Participants responded to survey questions up to eight times over 25 years (1996 to 2021) when they were between 40 and 100 years old. Additional participants (40 to 85 years old) were recruited throughout the study period as later generations entered midlife and old age. Among the many questions survey participants answered was, "At what age would you describe someone as old?"

The researchers found that compared with the earliest-born participants, later-born participants reported a later perceived onset of old age.

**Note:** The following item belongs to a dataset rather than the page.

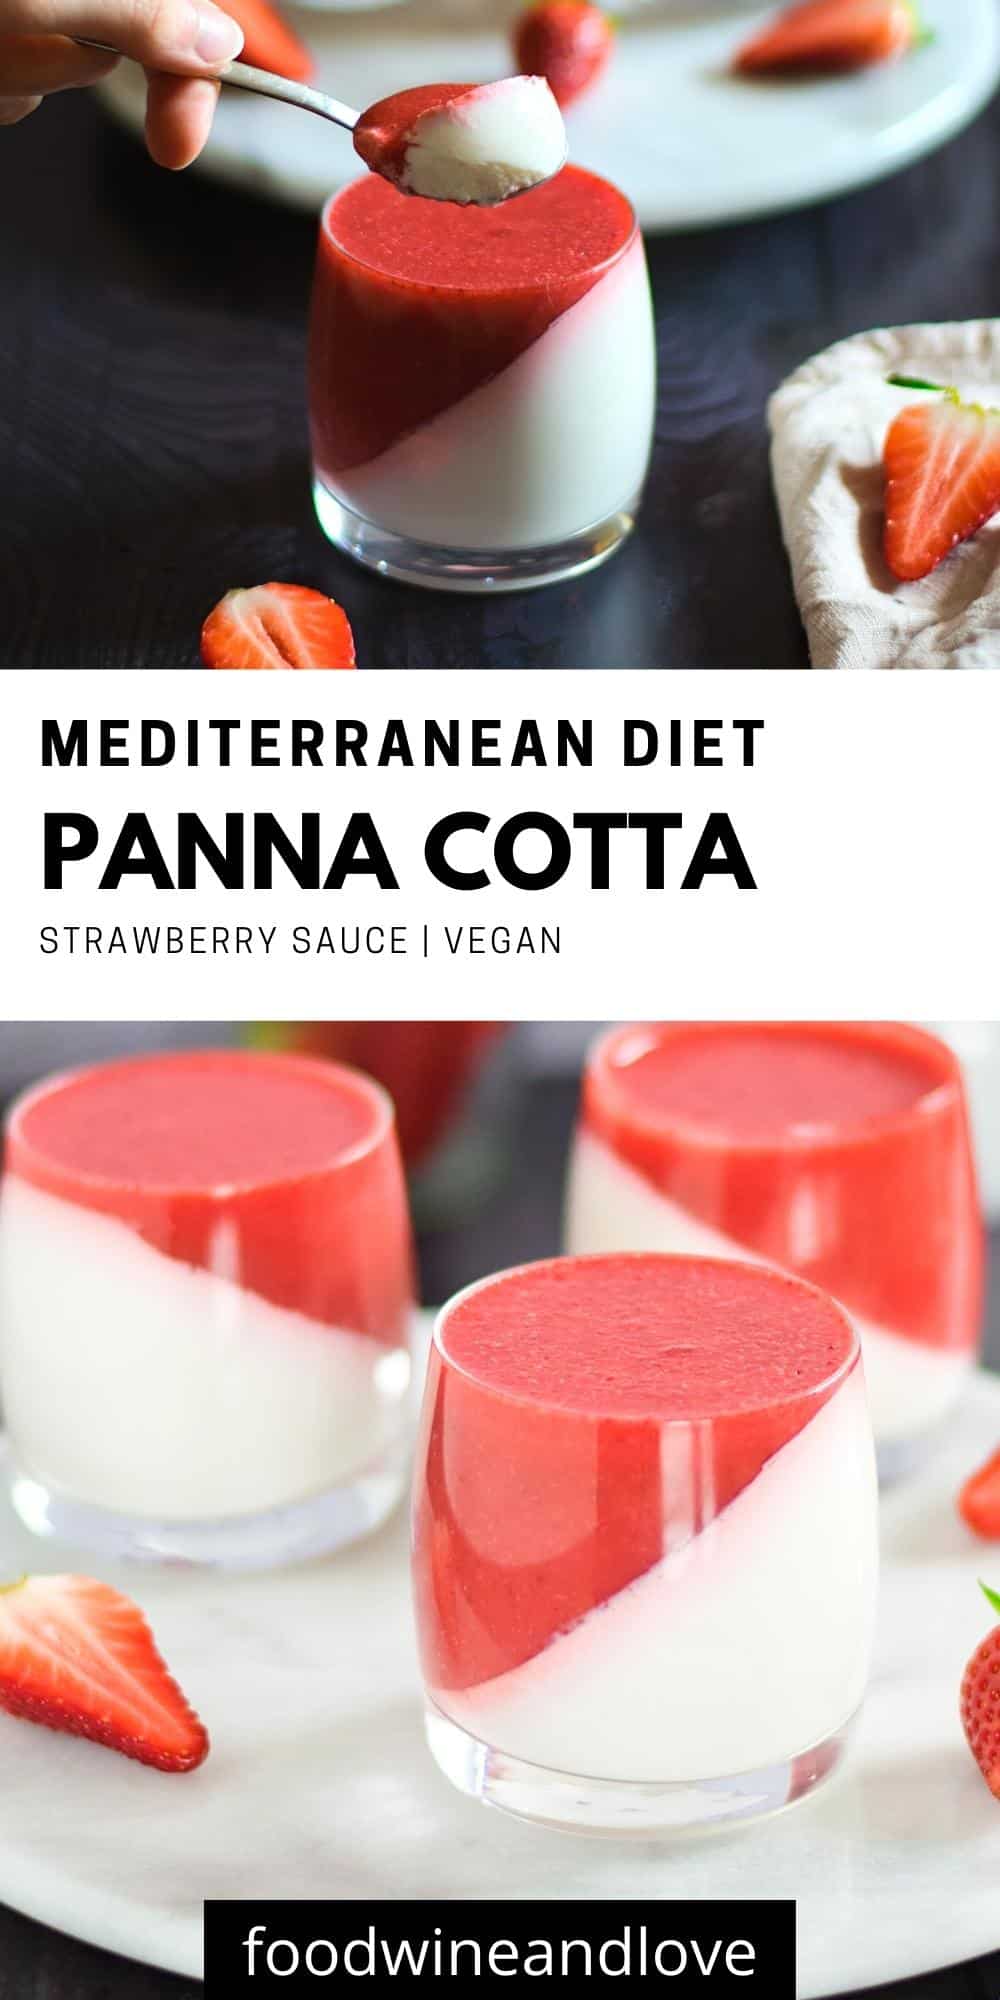 Panna Cotta in Strawberry Sauce

For example, when participants born in 1911 were 65 years old, they set the beginning of old age at age 71. In contrast, participants born in 1956 said old age begins at age 74 when they were 65.

However, the researchers also found that the trend toward a later perceived onset of old age has slowed in recent years. "The trend toward postponing old age is not linear and might not necessarily continue in the future," Wettstein said.

The researchers also looked at how individual participants' perceptions of old age changed as...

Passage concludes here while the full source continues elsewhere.